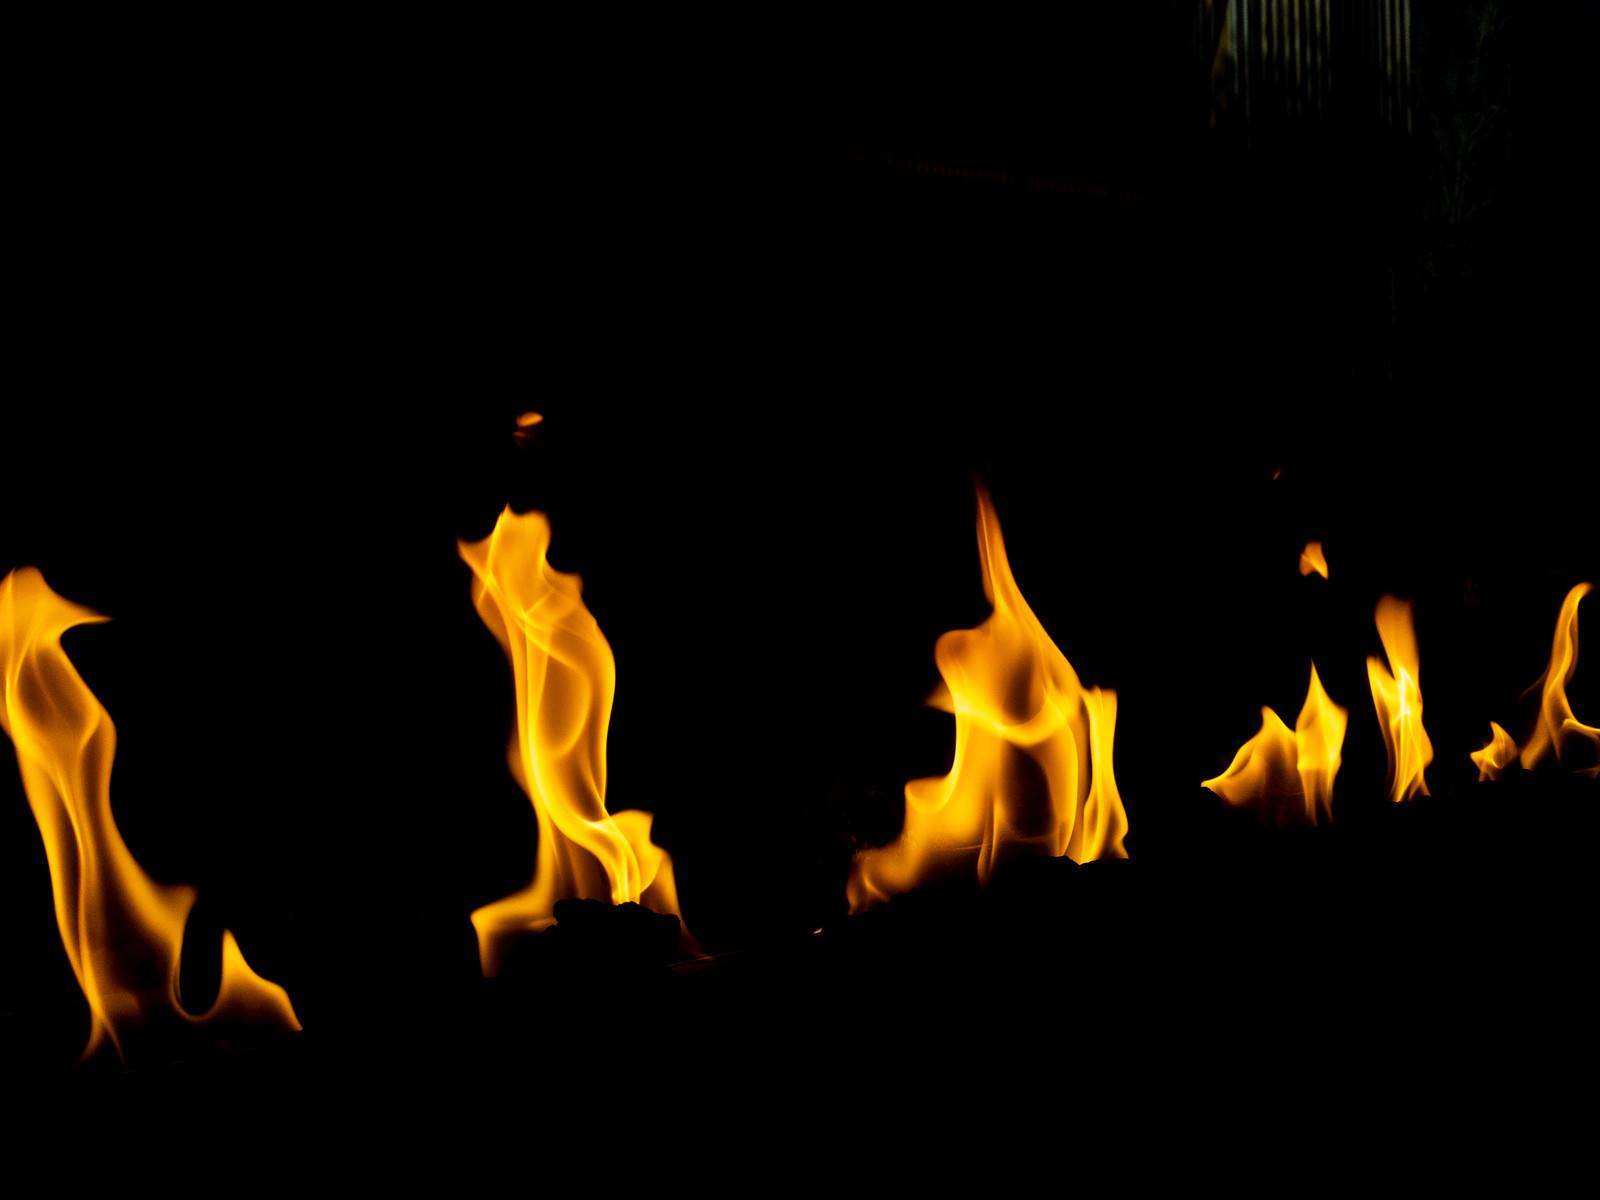 「燃えつづける炎」の写真
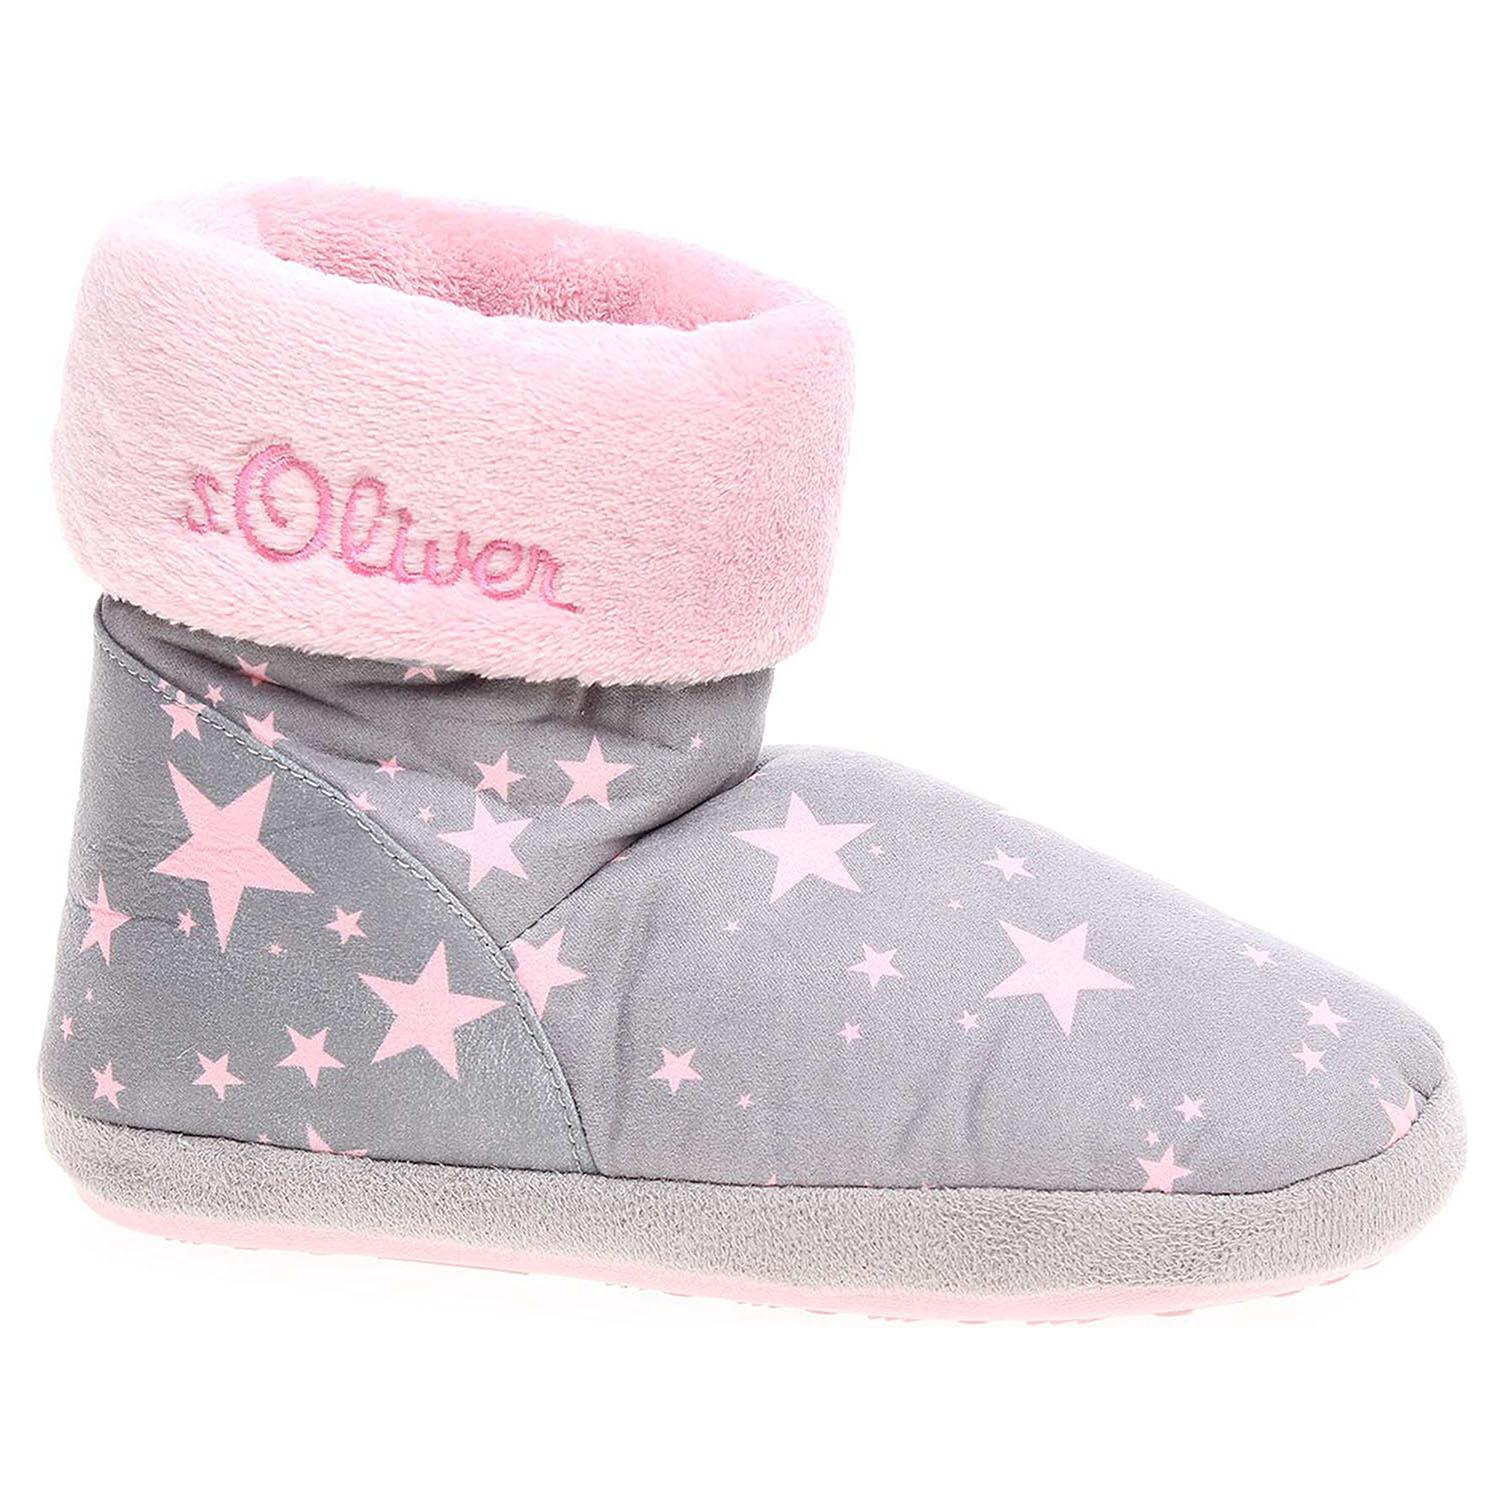 Domácí obuv s.Oliver dívčí 5-35438-39 grey comb 5-5-35438-39 201 30
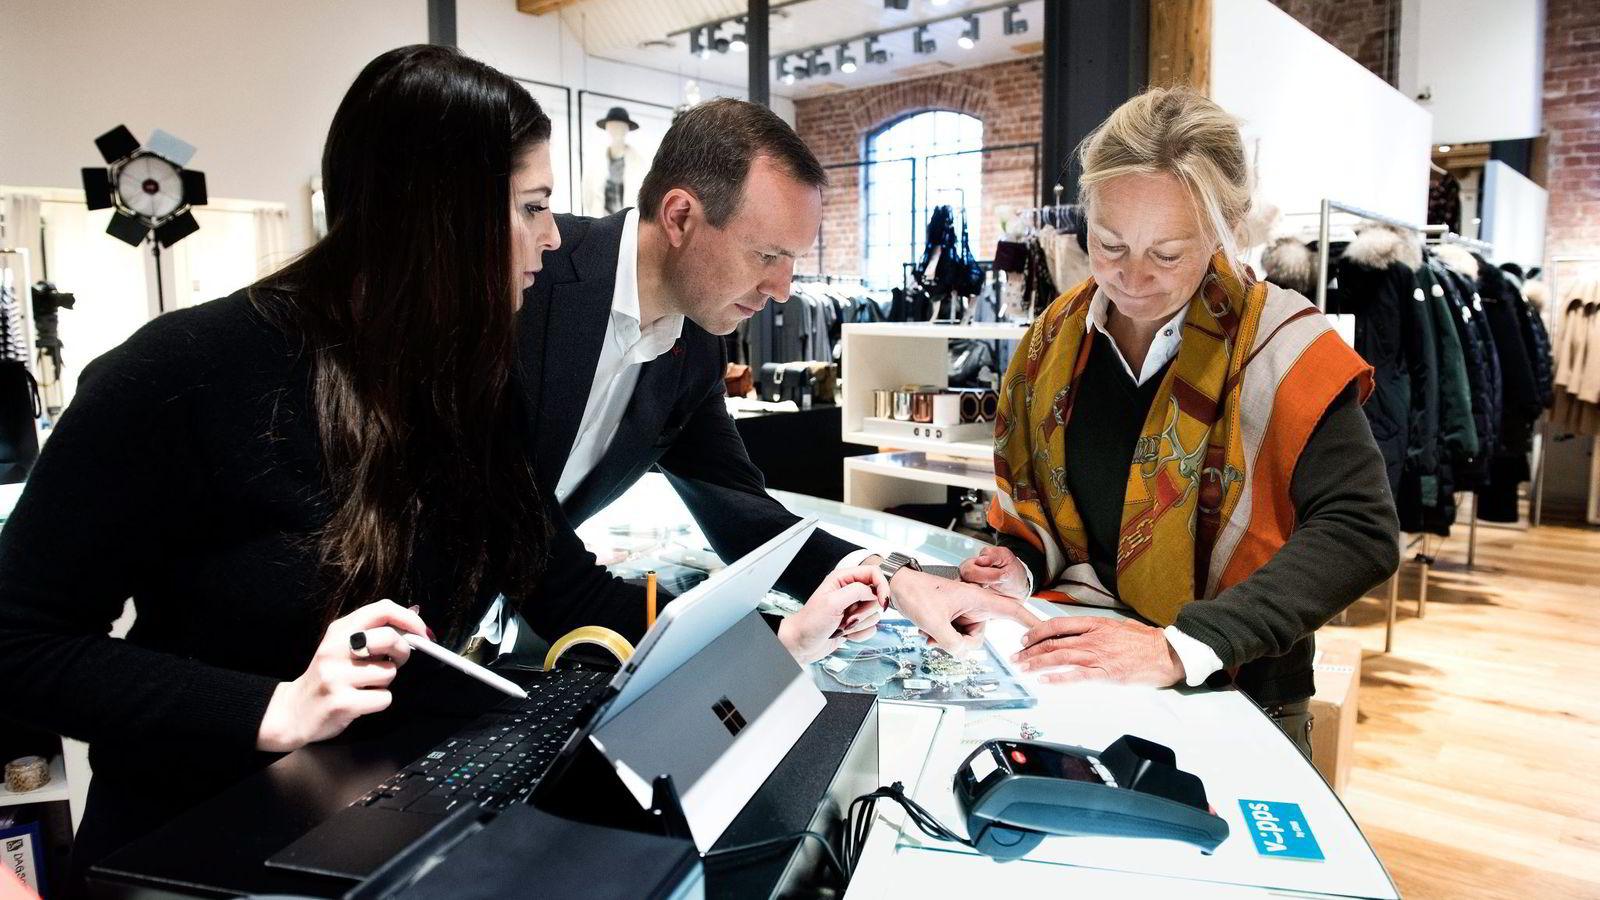 Hos klesbutikken Høyer betaler Bente Holby (til høyre) for nye sko og genser med mobilappen Vipps. Butikkmedarbeider Isabel Soler opplever at kundene er positive, og Høyers finansdirektør Inge Nygaard vil ha teknologien i alle butikker.

::::

Your answer must be the full listing, copied exactly, with no pictures in it.

RESPONSE TO THE EXERCISE:
 「燃えつづける炎」の写真
 Domácí obuv s.Oliver dívčí 5-35438-39 grey comb 5-5-35438-39 201 30
 Hos klesbutikken Høyer betaler Bente Holby (til høyre) for nye sko og genser med mobilappen Vipps. Butikkmedarbeider Isabel Soler opplever at kundene er positive, og Høyers finansdirektør Inge Nygaard vil ha teknologien i alle butikker.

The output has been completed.